Olden is confident it does, and she’s proactive in proving that that its true.

And I don’t mean she’s sitting in an office waiting for the phone to ring. Olden constantly makes sure that she is present and available to the guys as much as she can. She often shows up to practice, sometimes to games and is always checking in with us every week to see her patients at work with her own eyes, which gives her insight into what her patients may be struggling with.

“For me, Pheobe has been very beneficial since she’s come onto the program,” pitcher and sophomore general biology major, Chase Spears, said. “I feel like she allows me to get things off my chest that I usually can’t get off with certain people. So, I think her joining the team has been not just beneficial to me but for the team in general.”

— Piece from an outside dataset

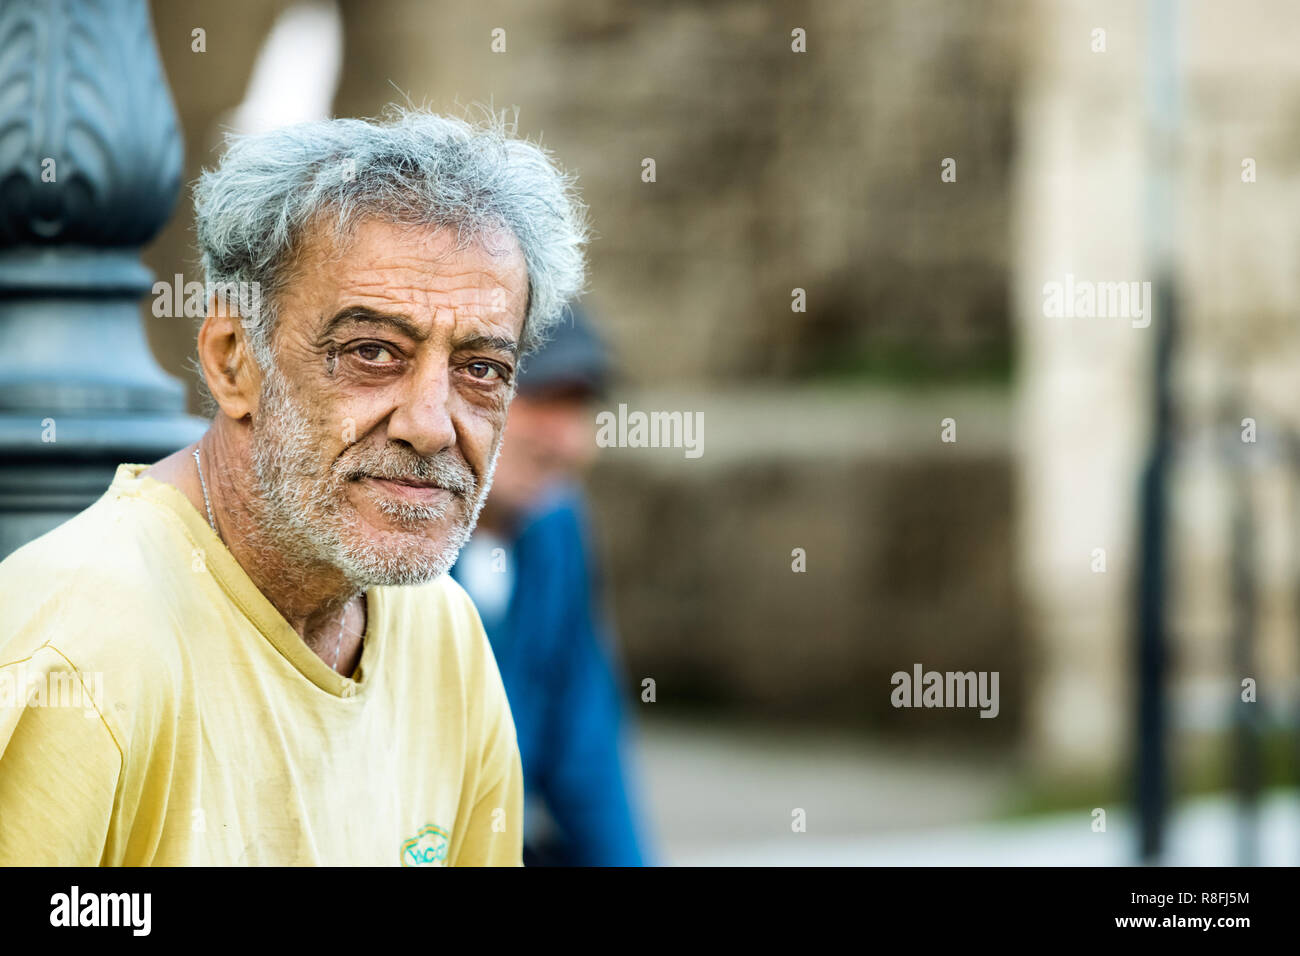 Rhodes, Grèce - 10 octobre 2018 : Portrait d'un homme mûr avec des cheveux gris et la barbe, qui travaille dans le port de Rhodes, grecque Banque D'Images

And the baseball team is only a portion of her responsibilities. As much as Olden works as Union’s Mental Performance trainer, Olden is also a graduate assistant who works in Campus Rec while she finishes her master’s degree in social work. If Olden not only focuses on the baseball team’s wellbeing, university intramurals, and being a student, how does she focus on her own wellbeing? How does she hold herself accountable to her own worldview on mental health?

She reads a lot. Not every day, but a lot in one day. Like us student-athletes, Sunday is the only day where she has room to breathe and sit down to read a hundred pages of a novel that allows her to completely escape the everyday grind. Maybe that’s all you can do. You can’t run away from it all. Its life, and it’s a lot, but at least Pheobe Olden can rest on her Read-a-ton-Sunday knowing that she’s a leader who we admire here at Fesmire Field.